A nice feature of SVR() is that you can easily fit non-linear models by changing the kernel function:

In [11]:
## Non-linear kernel (RBF)
ic_reg = SVR(kernel = 'rbf', C=100000).fit(train_ic_X, train_ic_y)

## Grid of values used to generate the prediction line
xx = np.linspace(np.min(train_ic_X), np.max(train_ic_X), 100)
yy = ic_reg.predict(xx.reshape(-1, 1))

## Scatterplot w/ prediction line
plt.scatter(train_ic_X, train_ic_y)
plt.plot(xx, yy)
plt.show()

Question 4:

  • Part A: Modify the amount of regularization, or "slack", in the example shown above (the 'rbf' kernel SVM). Include an example of a model you'd consider to have unacceptably high variance and a model you'd consider to have unacceptably high bias. Clearly label each of these models.
  • Part B: Explore a few values of gamma in the model you deemed "high bias" in part A. Are you able to use gamma to better balance the bias-variance trade-off for this choice of C? Briefly explain, using an example to justify your explanation.

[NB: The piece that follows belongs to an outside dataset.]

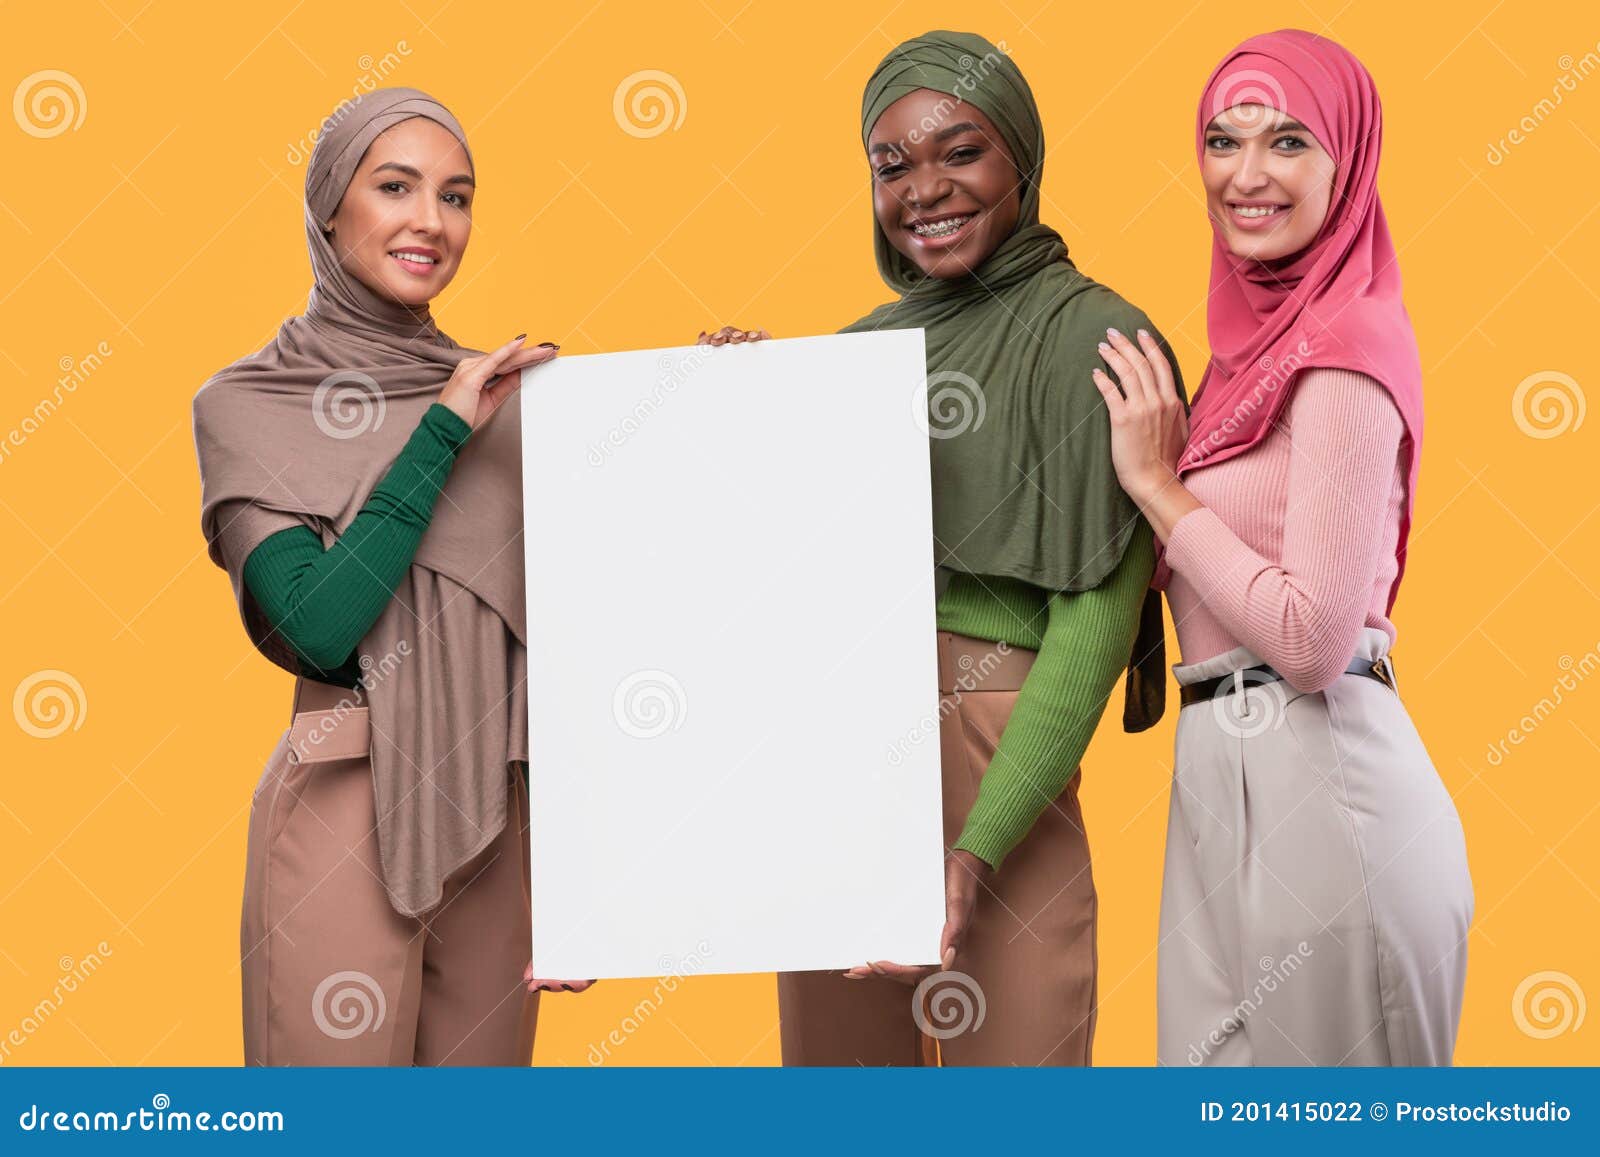 Images muslim ladies 14 Different

Part 5 - Comparing many models¶

In this section you'll use the entire set of predictors in the Wisconsin breast cancer data set instead of just 'Radius' and 'Texture'. Your goal will be to find the best performing classifier and associated data preparation steps when considering three different classifiers: KNN, decision tree, and SVM.

In [12]:
## Overwrite train/test X to now include all predictors
train_X = train.drop(['ID','Label'], axis = 1)
test_X = test.drop(['ID','Label'], axis = 1)

Question 5:

  • Part A: Use the function pd.plotting.scatter_matrix() to create a scatter plot matrix showing the pairwise relationship between every pair of predictors in the training data. Use argument c = train_y to color the points by the target variable. Use what you see in this plot to help you determine reasonable modeling steps in Parts B, C, and D.
  • Part B: Use a cross-validated grid search with accuracy as the scoring metric to determine a reasonable machine learning pipeline that uses an KNN classifier as the final step. You might consider standardization, normalization, dimension reduction, and KNN tuning parameters in your search. Report the best estimator and its performance.
  • Part C: Use a cross-validated grid search with accuracy as the scoring metric to determine a reasonable machine learning pipeline that uses a Decision tree classifier as the final step. You should consider data preparation steps and tuning parameters in your search. Report the best estimator and its performance.
  • Part D: Use a cross-validated grid search with accuracy as the scoring metric to determine a reasonable machine learning pipeline that uses an SVM classifier as the final step. You should consider data preparation steps and tuning parameters in your search. Report the best estimator and its performance. Report the best estimator and its performance.
  • Part E: Now conduct a final cross-validated grid search that compares the three approaches you identified in Parts B, C, and D. Report the best performing method and its cross-validated classification accuracy.
  • Part F: Create an ROC curve displaying the performance of the best model identified in Part E using its predictions on the test data. Report the AUC and comment upon the effectiveness of this classifier.